**What you will do:**
Please give the number of lines in the material below that contain "Olympic", and provide nothing besides that number.

**Available data:**
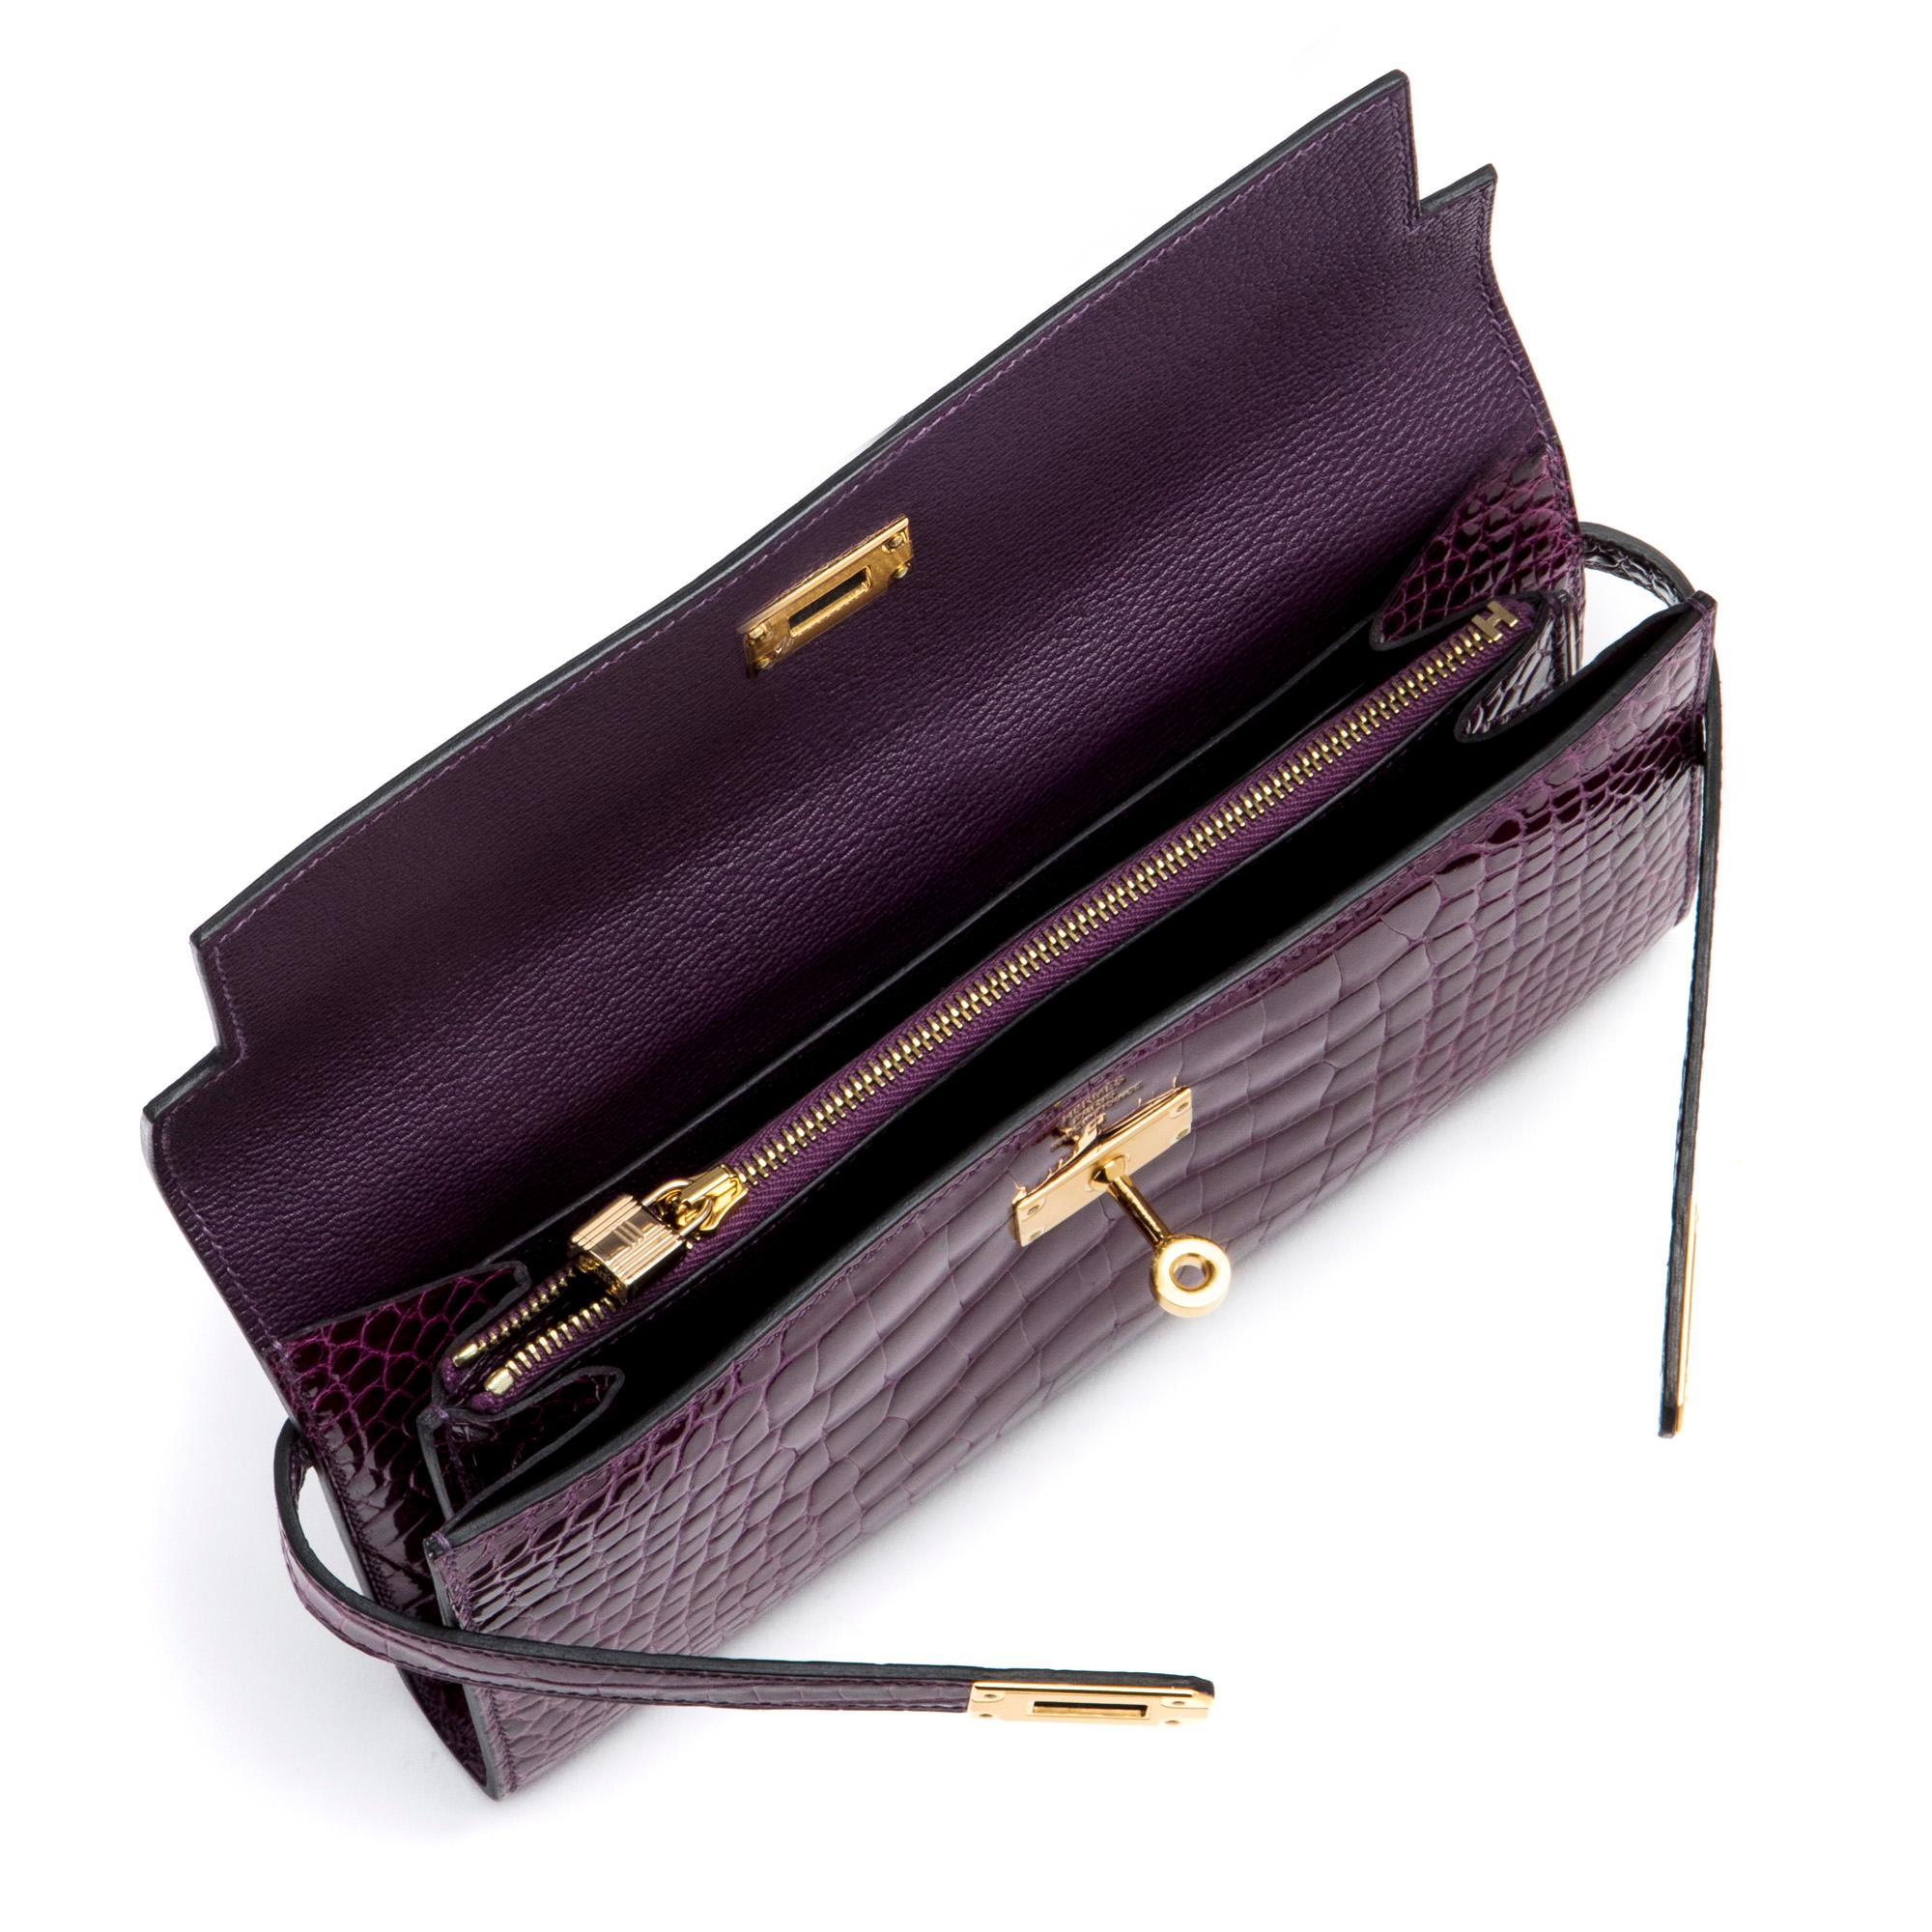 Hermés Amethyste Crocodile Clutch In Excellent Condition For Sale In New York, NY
---
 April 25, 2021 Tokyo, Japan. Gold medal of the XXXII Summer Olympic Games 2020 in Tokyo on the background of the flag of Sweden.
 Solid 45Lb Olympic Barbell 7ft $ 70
==
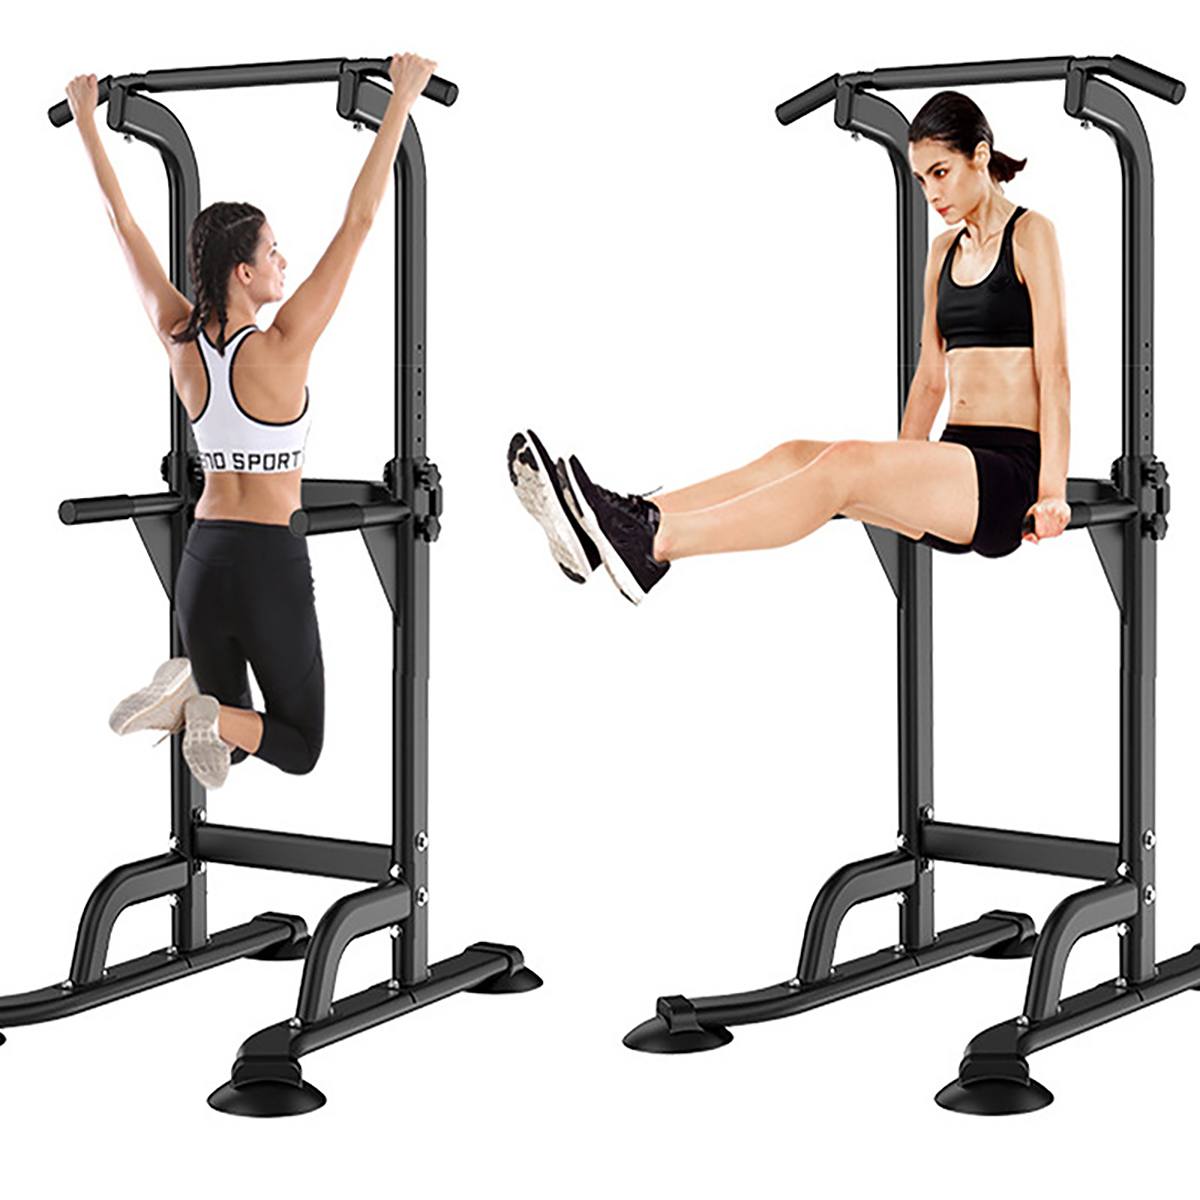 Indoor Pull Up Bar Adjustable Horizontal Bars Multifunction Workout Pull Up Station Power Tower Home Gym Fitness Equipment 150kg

**Problem solution:**
2